:: Given information ::

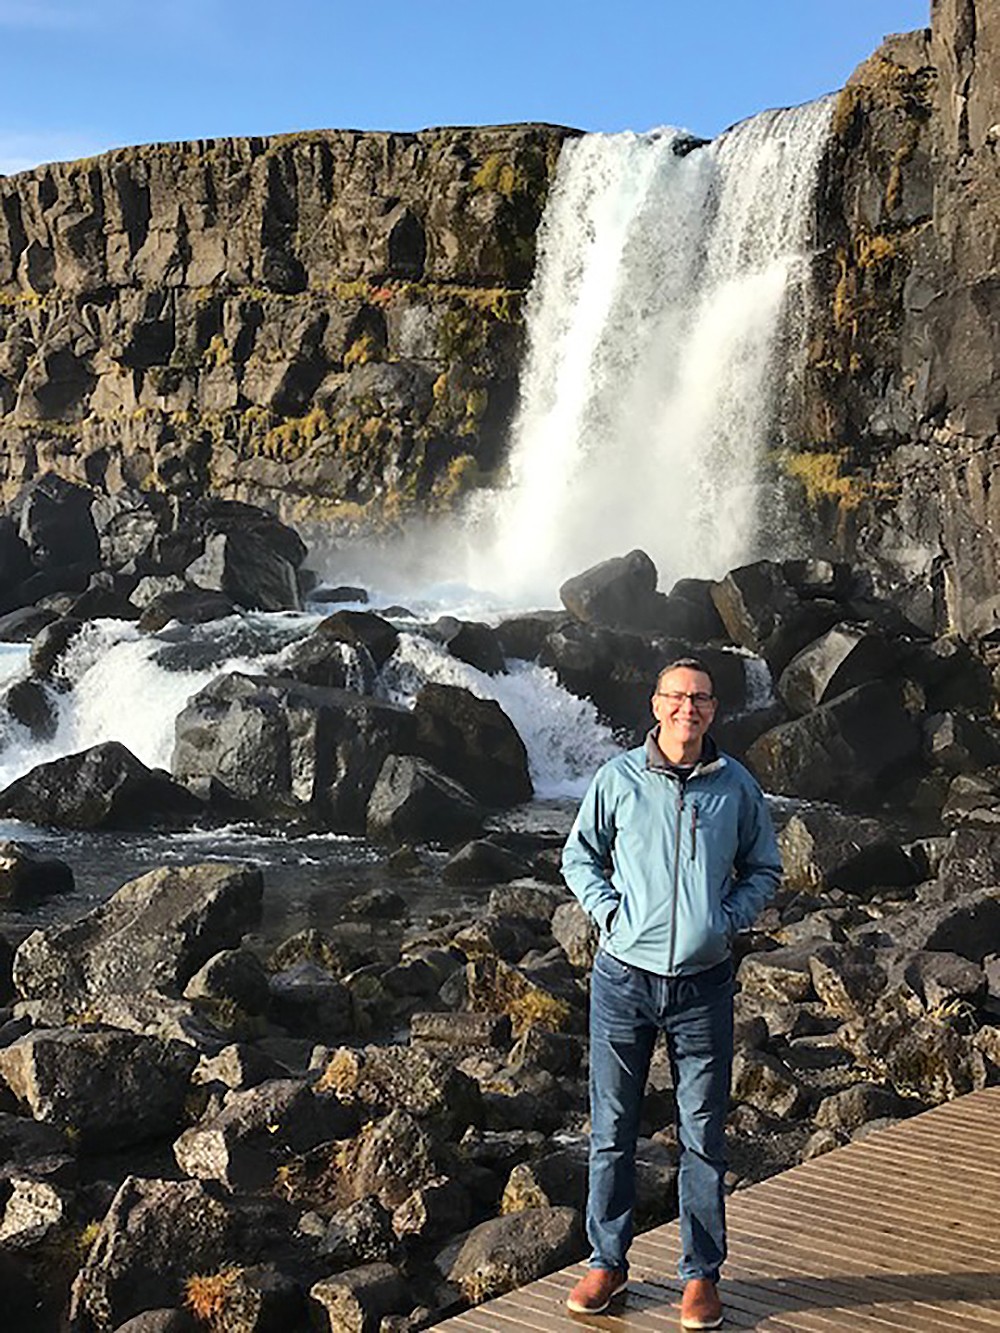 President Herbert poses at a waterfall in Iceland
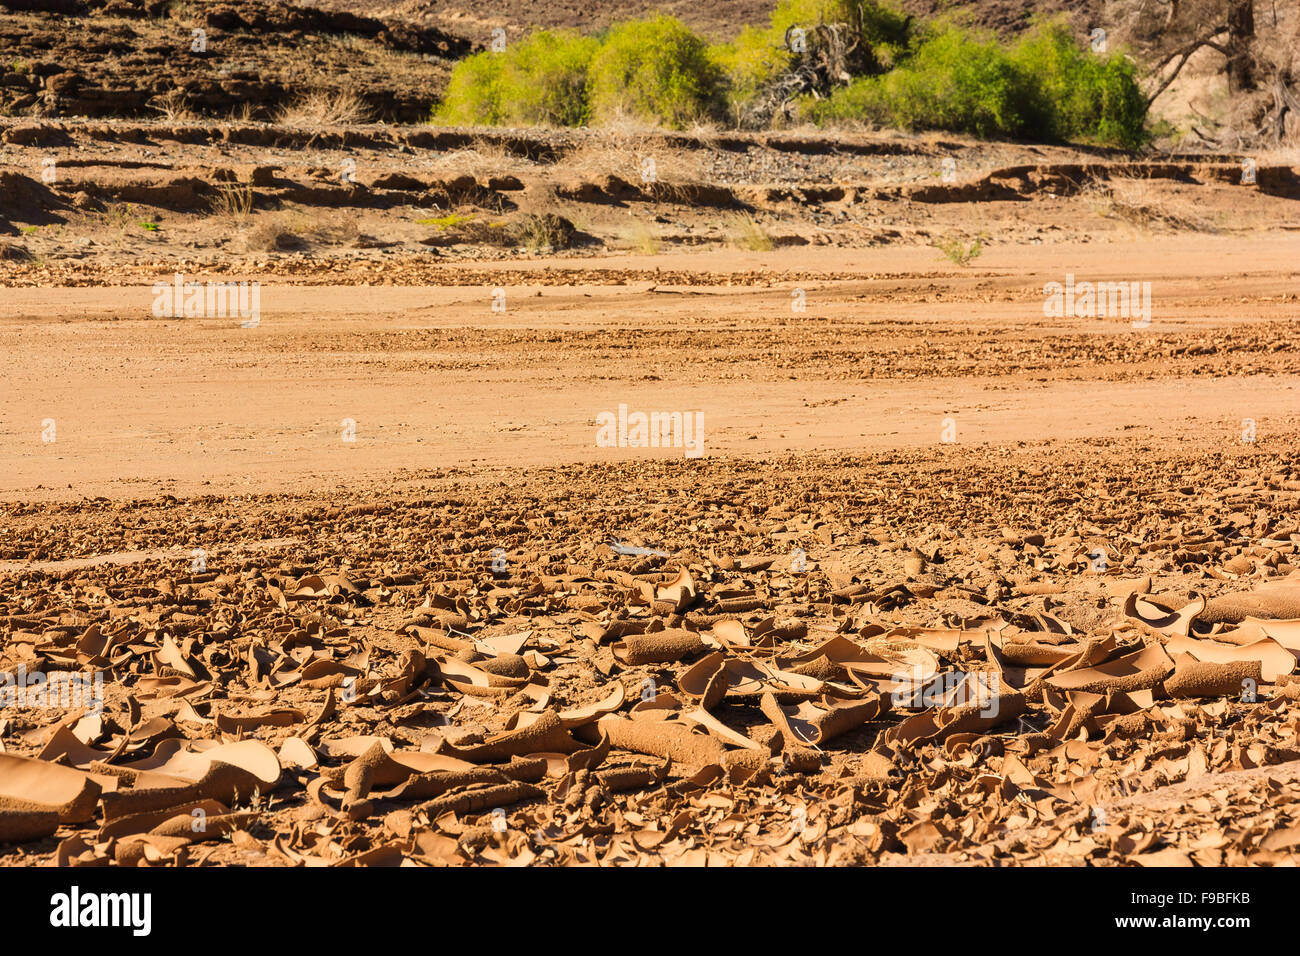 Dry riverbed with cracked surface of brown mud. Namibia, Damaraland, Africa. Stock Photo
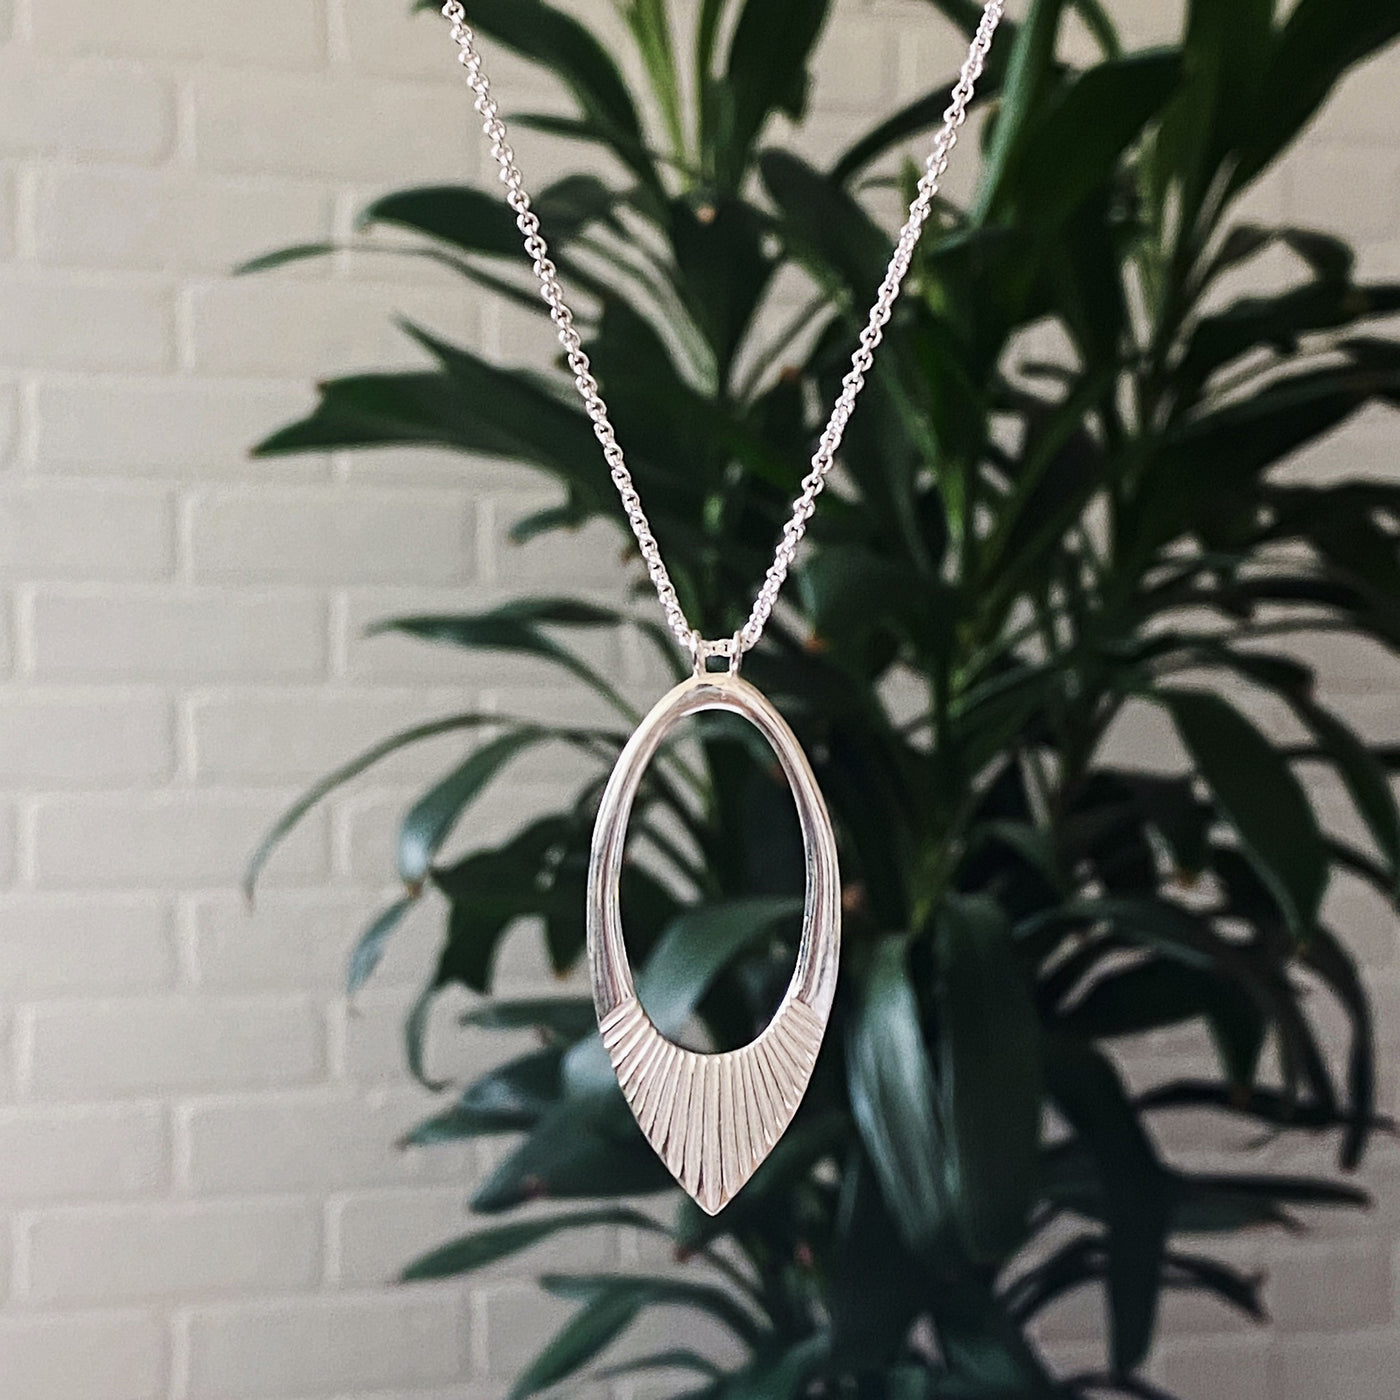 Extra long silver neckalce with large open petal shape pendant with carved ray texture across the bottom

:::

> [Your instructions]
Produce an exact copy of each line of data, skipping embedded images.

> [Response area]
 President Herbert poses at a waterfall in Iceland
 Dry riverbed with cracked surface of brown mud. Namibia, Damaraland, Africa. Stock Photo
 Extra long silver neckalce with large open petal shape pendant with carved ray texture across the bottom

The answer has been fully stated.